▶ **WORK ORDER**
Find the line below with "Blenheim Palace, UNESCO-Weltkulturerbe." and the line with "Bilder: JOHANNA JOSEPHSSON". Output exactly those lines and everything between them, leaving out the pictures.

▶ **DATA LISTING**
[Start of section]
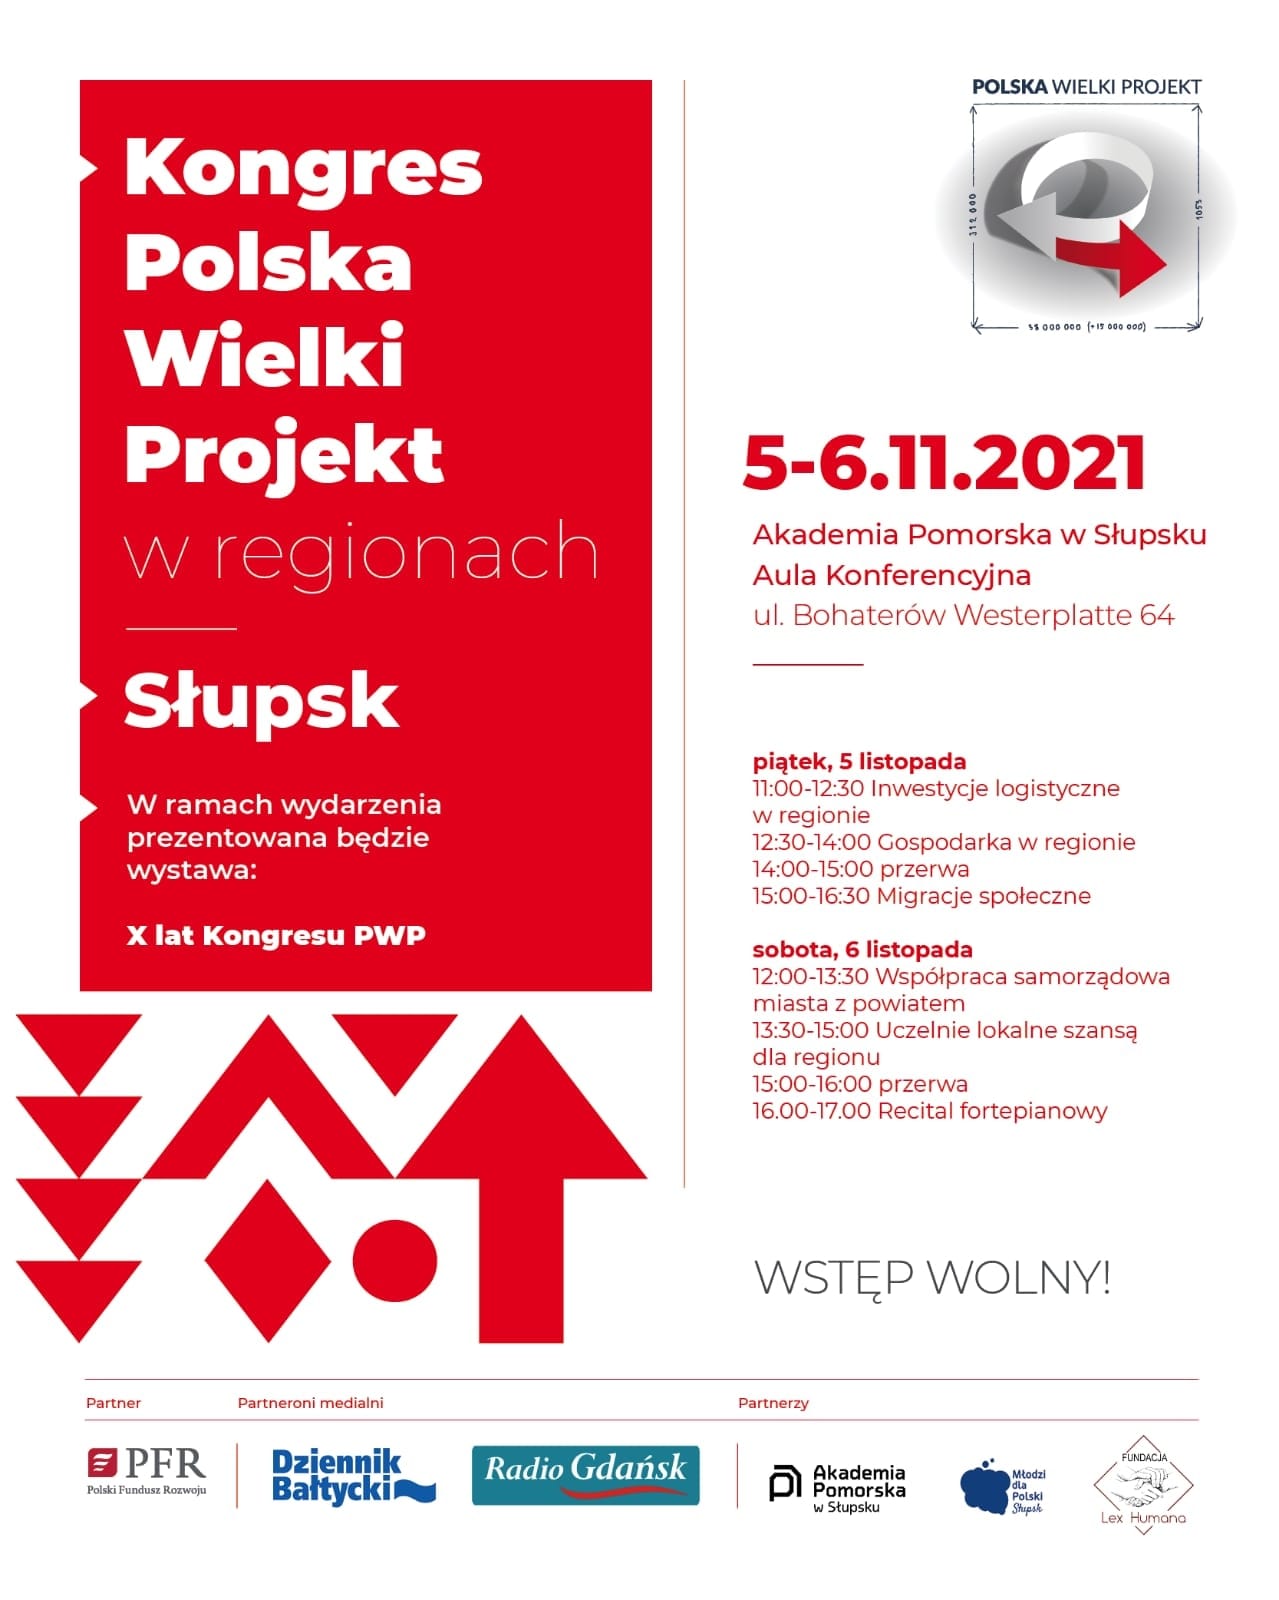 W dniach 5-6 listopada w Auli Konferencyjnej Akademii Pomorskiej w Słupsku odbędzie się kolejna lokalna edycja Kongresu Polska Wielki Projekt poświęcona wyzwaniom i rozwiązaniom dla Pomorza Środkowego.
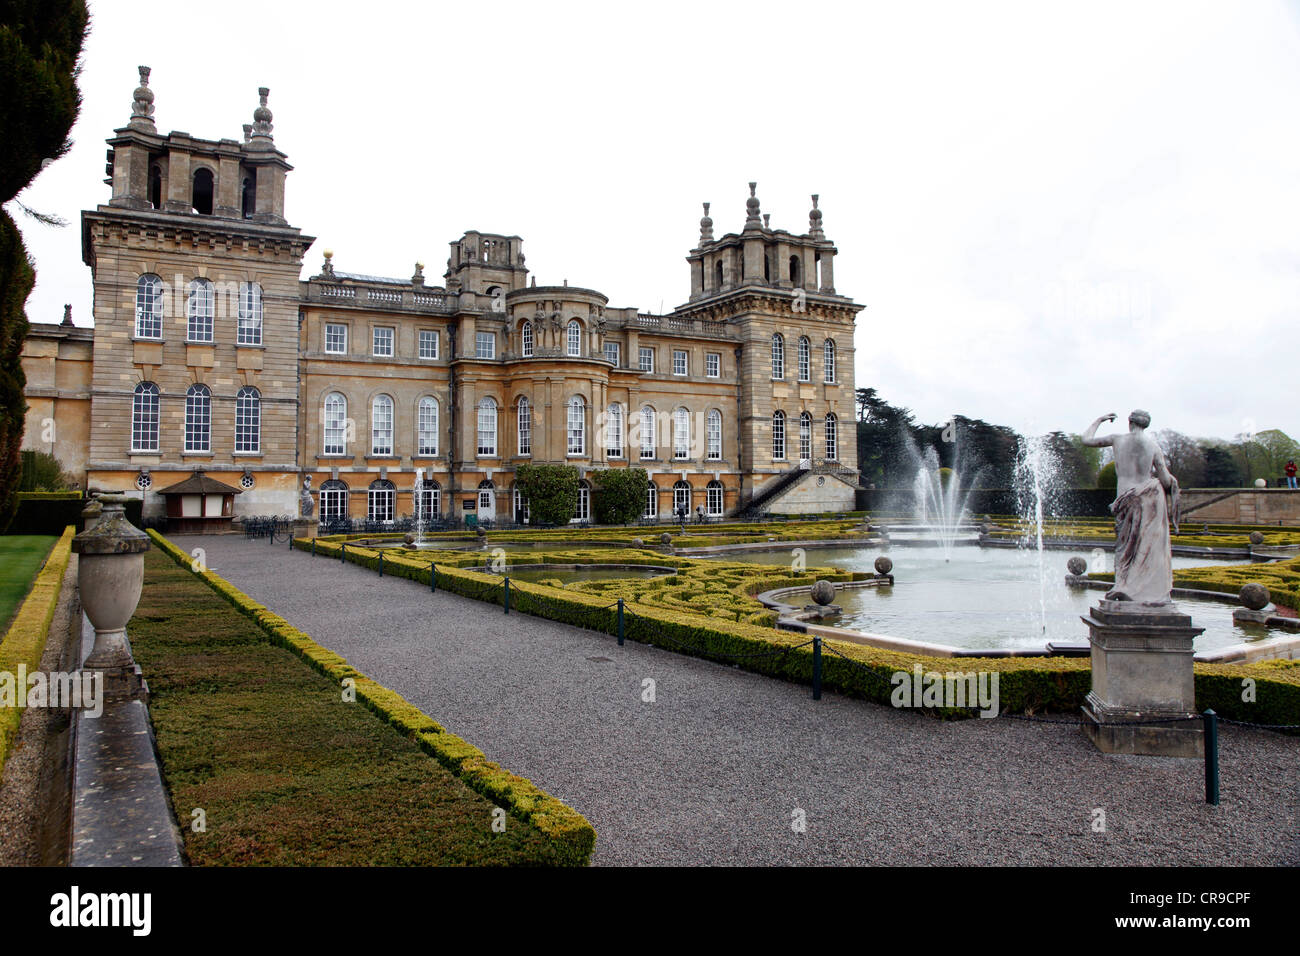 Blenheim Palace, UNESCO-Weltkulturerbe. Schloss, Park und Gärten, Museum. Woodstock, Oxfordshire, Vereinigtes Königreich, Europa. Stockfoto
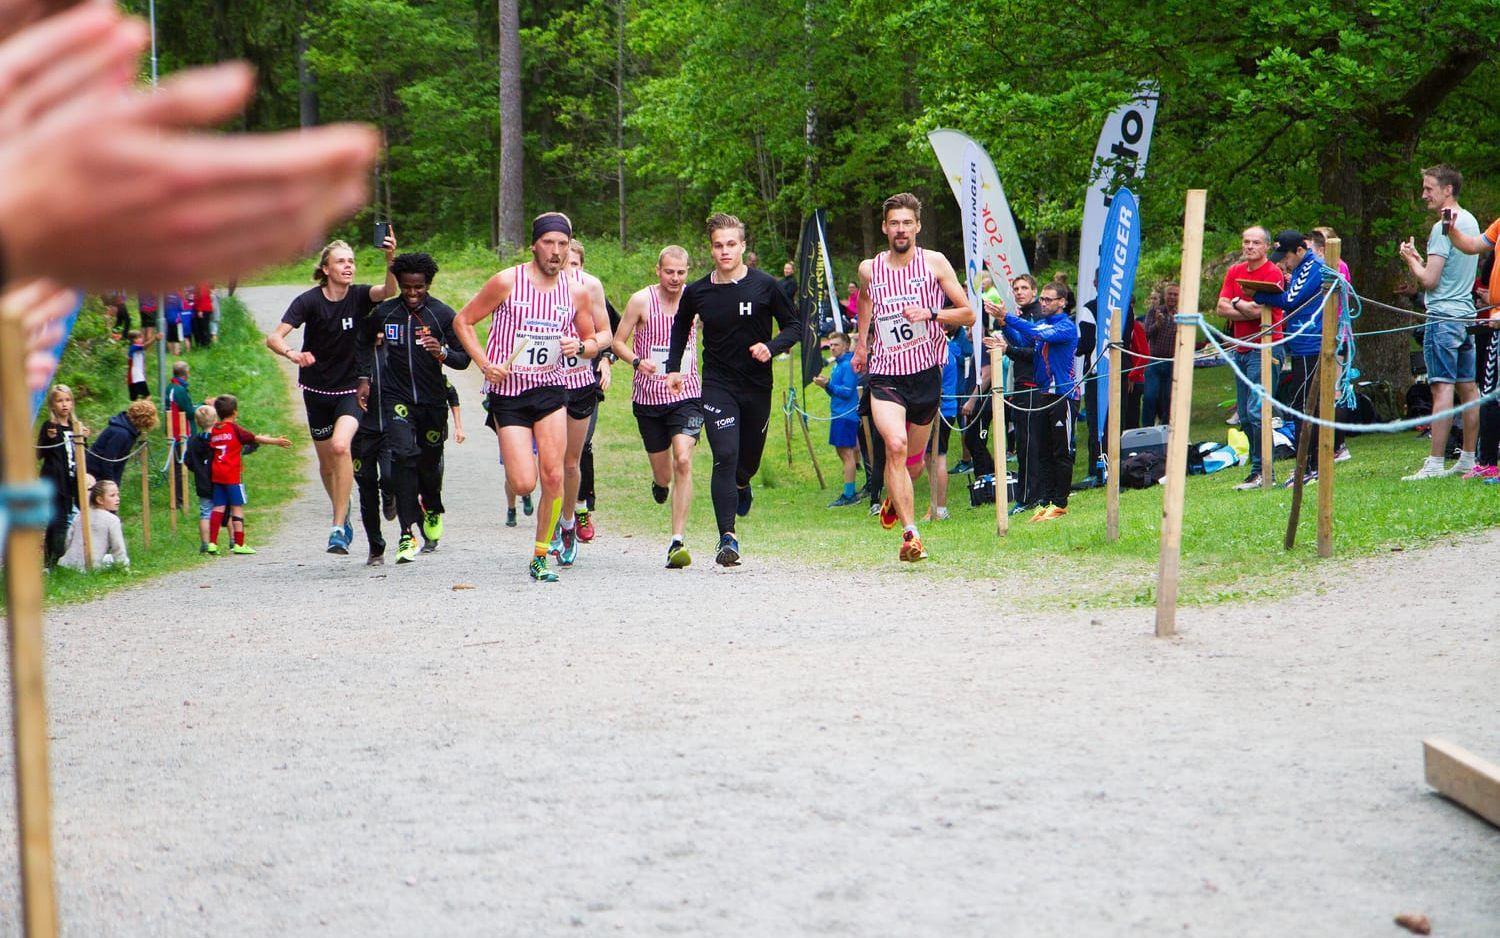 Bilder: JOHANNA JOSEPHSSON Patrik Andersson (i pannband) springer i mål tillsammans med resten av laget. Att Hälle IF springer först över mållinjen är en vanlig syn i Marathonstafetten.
[End of section]
[Start of section]
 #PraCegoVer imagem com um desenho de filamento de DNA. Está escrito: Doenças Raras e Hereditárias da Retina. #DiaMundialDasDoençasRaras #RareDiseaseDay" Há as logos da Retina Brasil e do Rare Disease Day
[End of section]
[Start of section]
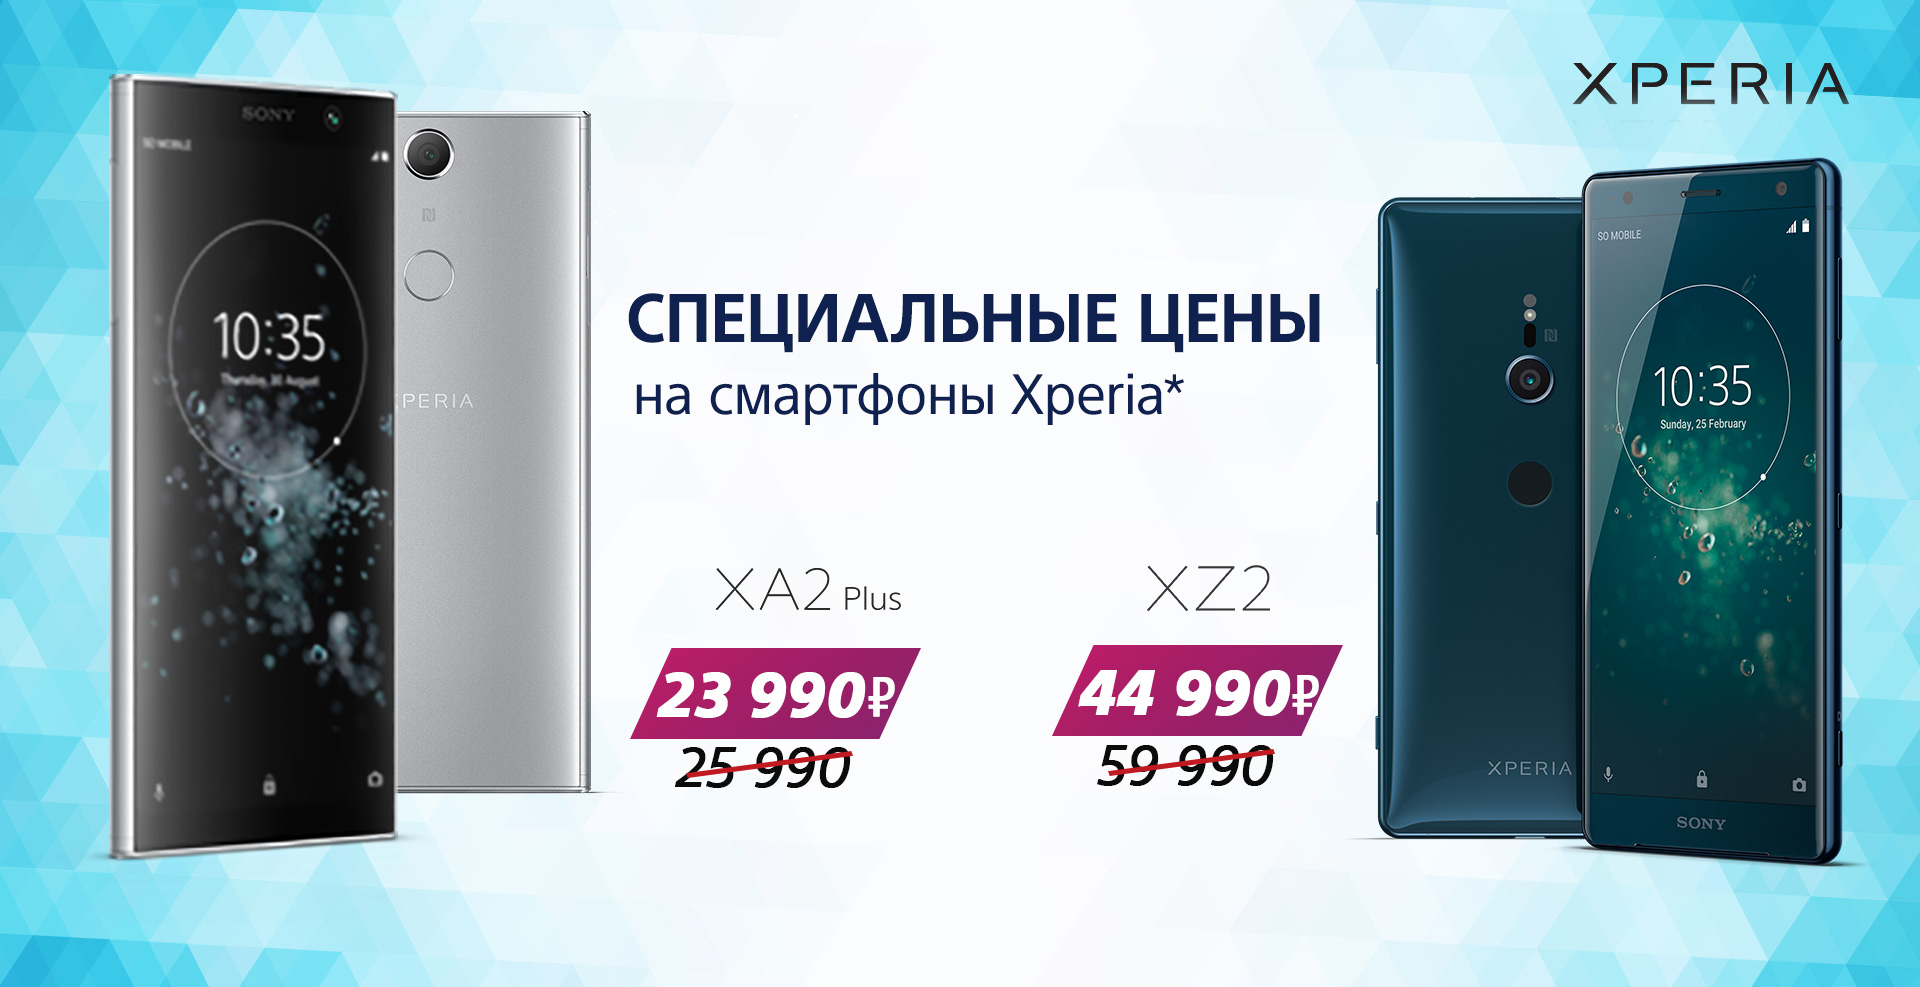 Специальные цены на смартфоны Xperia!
[End of section]
▶ **WRITTEN SOLUTION**
 Blenheim Palace, UNESCO-Weltkulturerbe. Schloss, Park und Gärten, Museum. Woodstock, Oxfordshire, Vereinigtes Königreich, Europa. Stockfoto
 Bilder: JOHANNA JOSEPHSSON Patrik Andersson (i pannband) springer i mål tillsammans med resten av laget. Att Hälle IF springer först över mållinjen är en vanlig syn i Marathonstafetten.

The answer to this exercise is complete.